Les relevés d'eaux de pluie ont été réalisés par un membre des Amis de la Terre Midi-Pyrénées, dans la commune de Castelnau d'Estrétefonds, en Haute-Garonne, située à une demi-heure de L'Isle-Jourdain. Au mois de mars, le taux d'iode 131 était de 4,9 bequerel/litre, le plus fort de France, et en mai, le taux était descendu au dessous de 0,15 bq/l.

« Le relevé de mars était pour nous inquiétant et nous l'avions mentionné sur notre site Internet » explique un représentant régional de l'association Les Amis de la Terre. « Nous conseillions aux gens de se rapprocher de leur médecin. Mais au bout d'une semaine, nous avons retiré ces recommandations, qui étaient jugées, par certains, trop alarmistes. Par ailleurs, il nous est interdit de préconiser la prise de médicament, comme des cachets d'iode, et surtout, l'Inspection générale de la Santé disait que la prise d'iode n'était pas nécessaire. » Et d'ajouter : « Par contre, nous avons conseillé en mars de ne pas boire de l'eau de pluie, de tenir le bétail à l'abri et de couvrir les jardins. Ces recommandations n'ont plus lieu d'être pour l'instant. »

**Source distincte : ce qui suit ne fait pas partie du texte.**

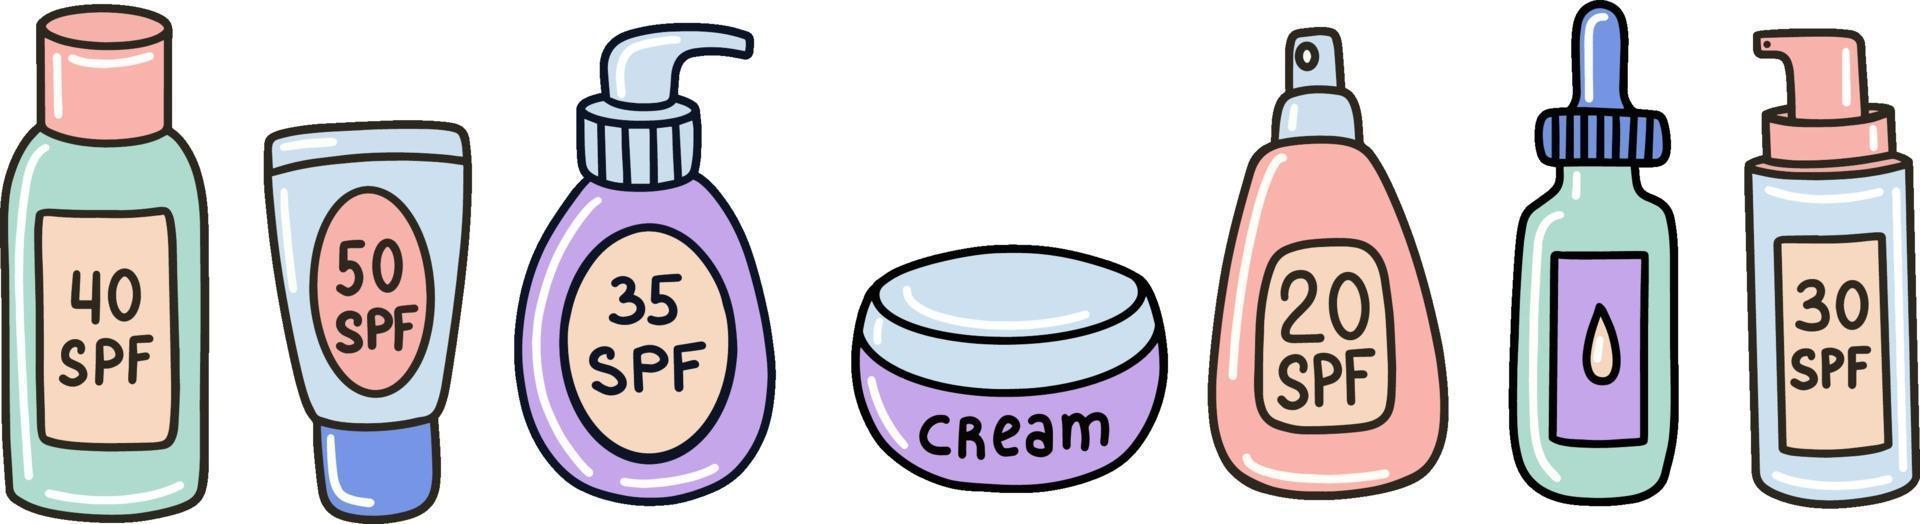 Vector illustration of bottles and jar of assorted sunblock products and cream for skin care procedure

Du côté de la Criirad, des recommandations ont « également été données, au cours du mois de mars, par voie de communiqué. La commission déconseillait la récupération des eaux de pluie à usage domestique mais estimait que « les personnes qui se sont trouvées sous la pluie sans protection » n'avaient couru aucun risque. « Nous avons également dit que le lait pouvait être contaminé, indique Roland Desbordes, le président de la Criirad, de même que certains végétaux comme les épinards. Nous déconseillions leur consommation aux enfants, aux femmes enceintes et aux femmes qui allaitaient »

Qu'en est-il aujourd'hui ? Les éléments radioactifs relevés au mois de mars dans les eaux de pluie sont toujours présents dans les sols. « De la terre, ils peuvent passer dans le système racinaire, et une contamination par la plante est possible », indique Roland Desbordes. « Mais notre expérience nous dit que cela ne devrait pas poser de problèmes. »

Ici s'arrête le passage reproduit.